In one embodiment, as shown in fig. 2, a method for processing video encoding and decoding is provided, and the method is applied to the computer device in fig. 1 for illustration, and includes the following steps:

s202, extracting a video frame sequence from the sample video, wherein the video frame sequence comprises a key frame and an estimated frame.

Where the sample video is video data for training the machine learning model, the sample video is typically composed of a plurality of video frames, and each video frame contains information about video content, such as color, shape, motion, etc., the sample video may be from various sources, such as video in real life, video generated by simulation, video on the internet, etc. The definition of each video frame of the sample video meets the definition condition, and the definition condition refers to that the definition of the video frame image reaches a certain standard or requirement.

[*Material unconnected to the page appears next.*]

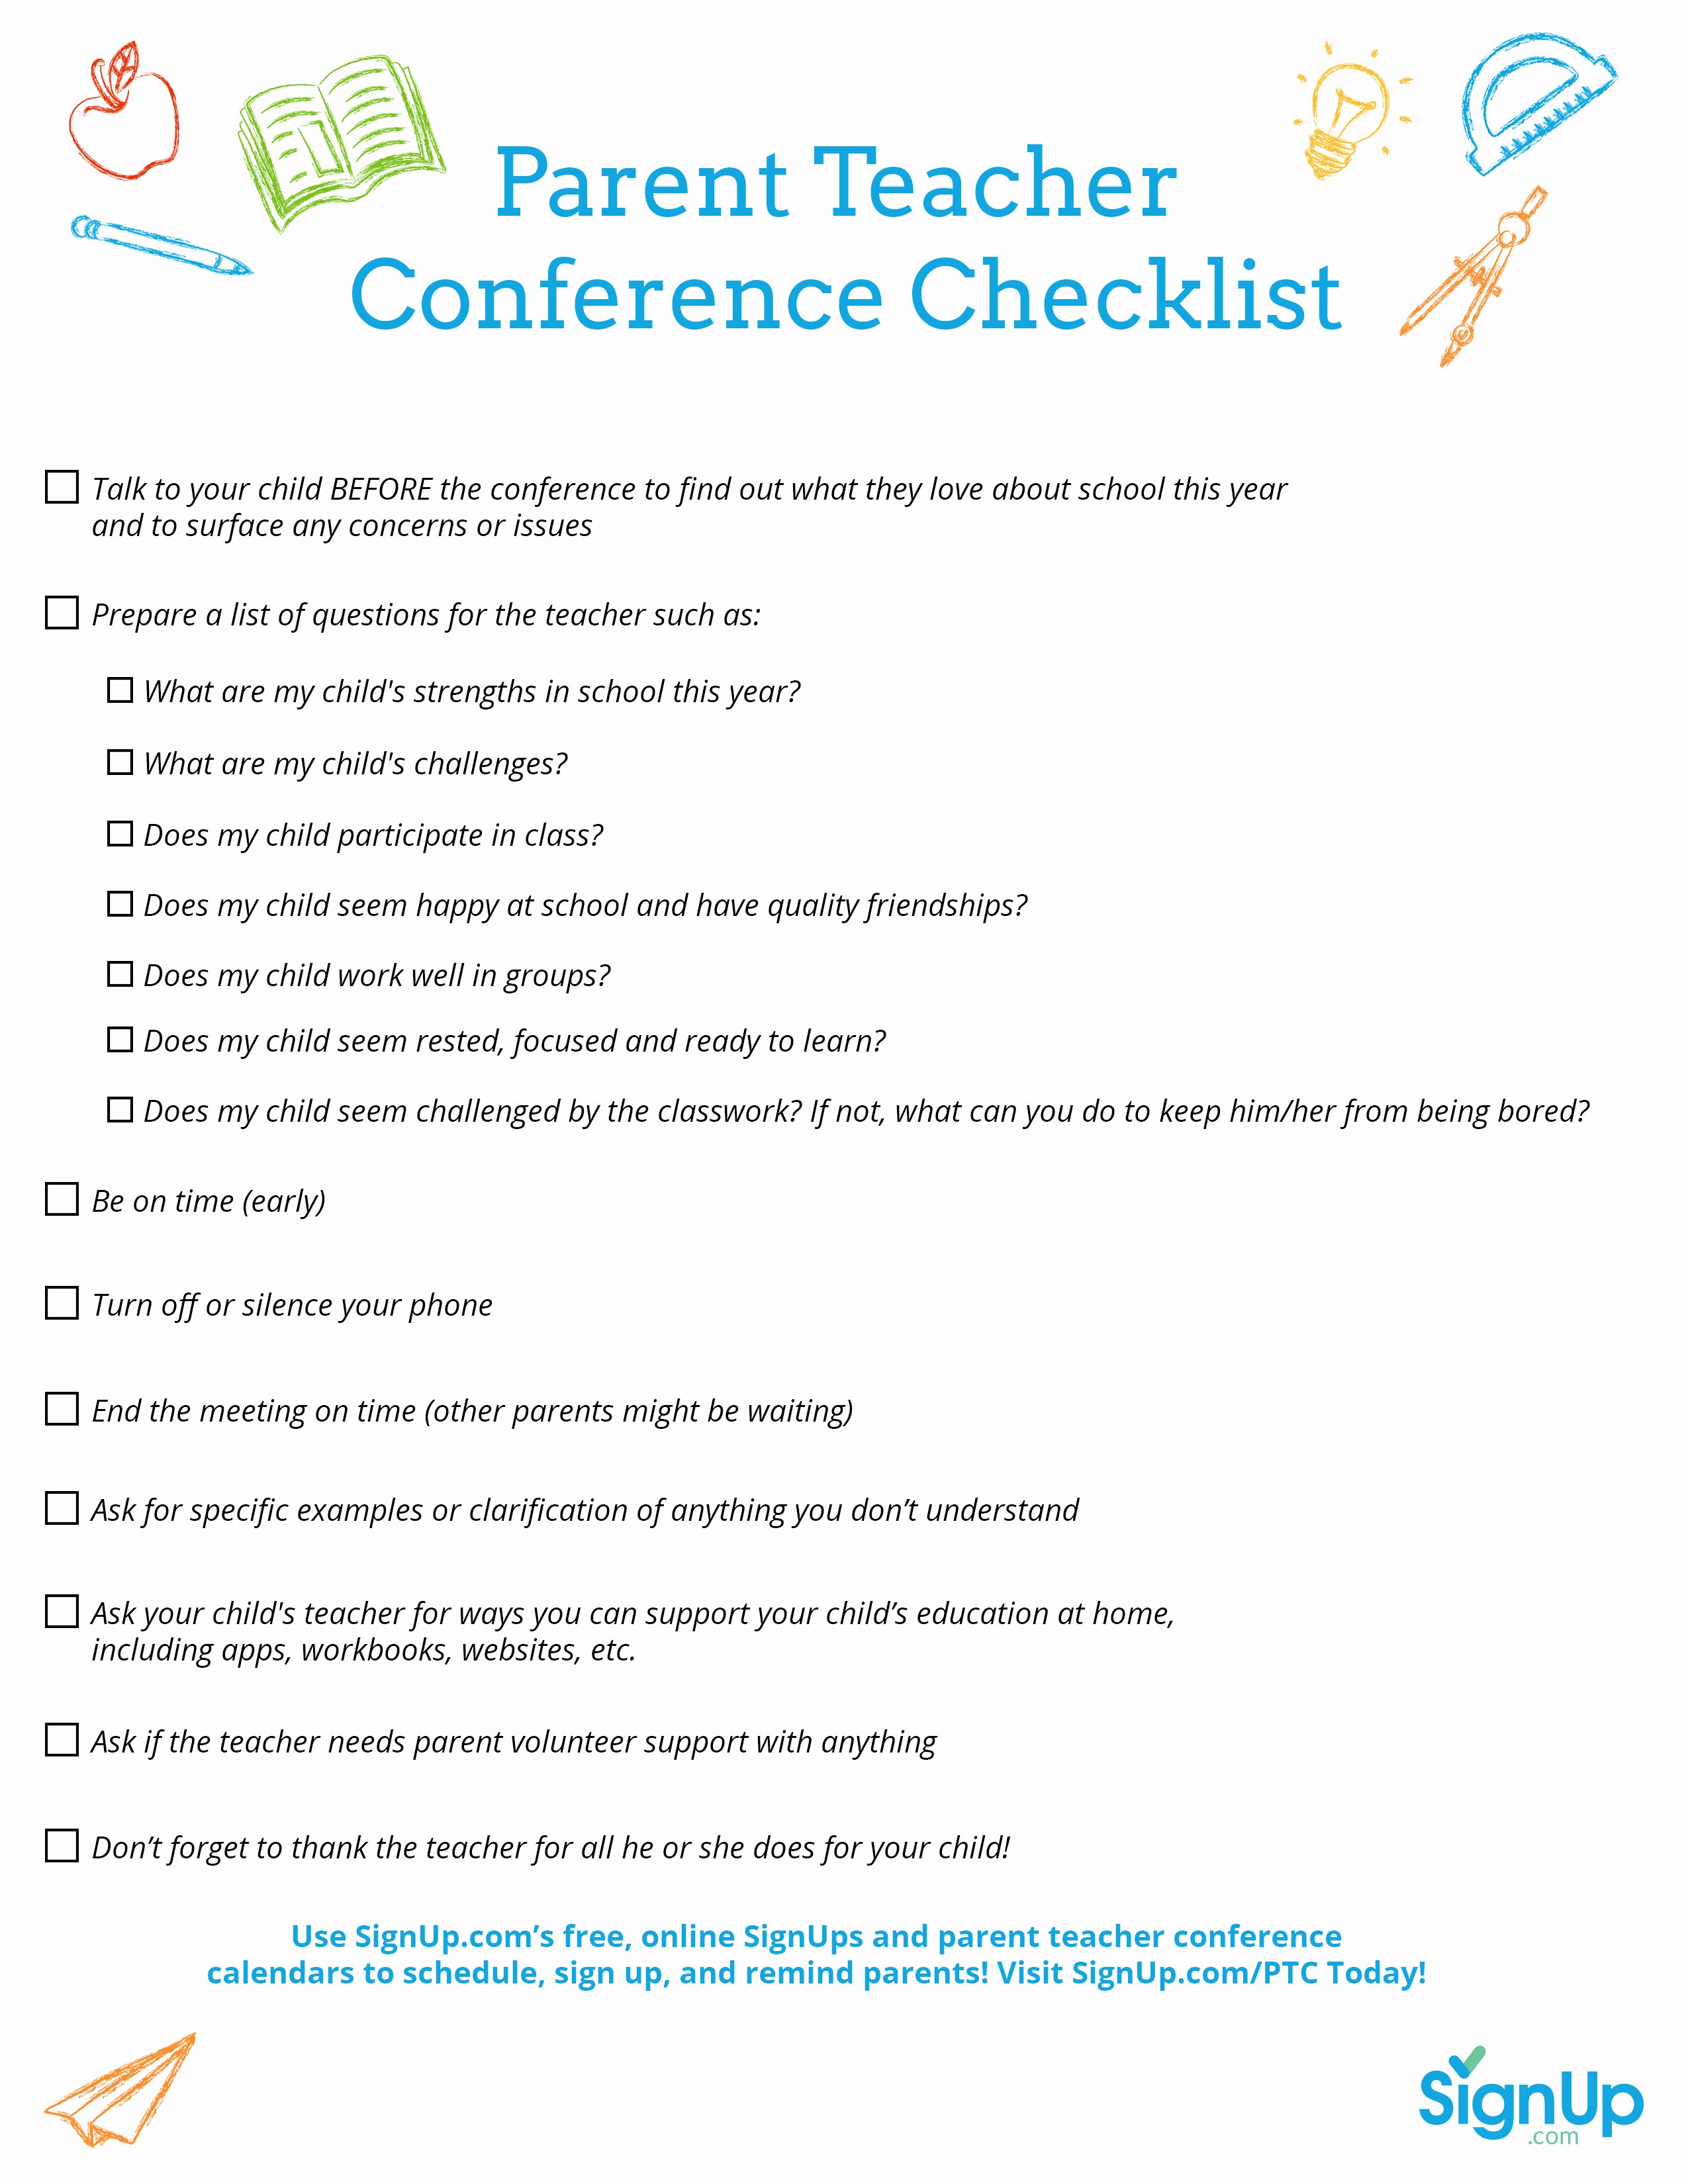 Parent Teacher Conference forms New Printable Checklist for Parent Teacher Conferences

In addition, the scenes in the sample video in the embodiment of the application may be continuous scenes, where the continuous scenes refer to continuous and similar scene contents in the video, for example, shooting contents of multiple cameras in the same room, natural landscapes in a certain period of time, lecture contents of a lecturer, and the like, and the continuous scenes can help to analyze changes of the scene contents, identify transitions of the scenes, extract scene information, and the like, and have important significance for video analysis and application.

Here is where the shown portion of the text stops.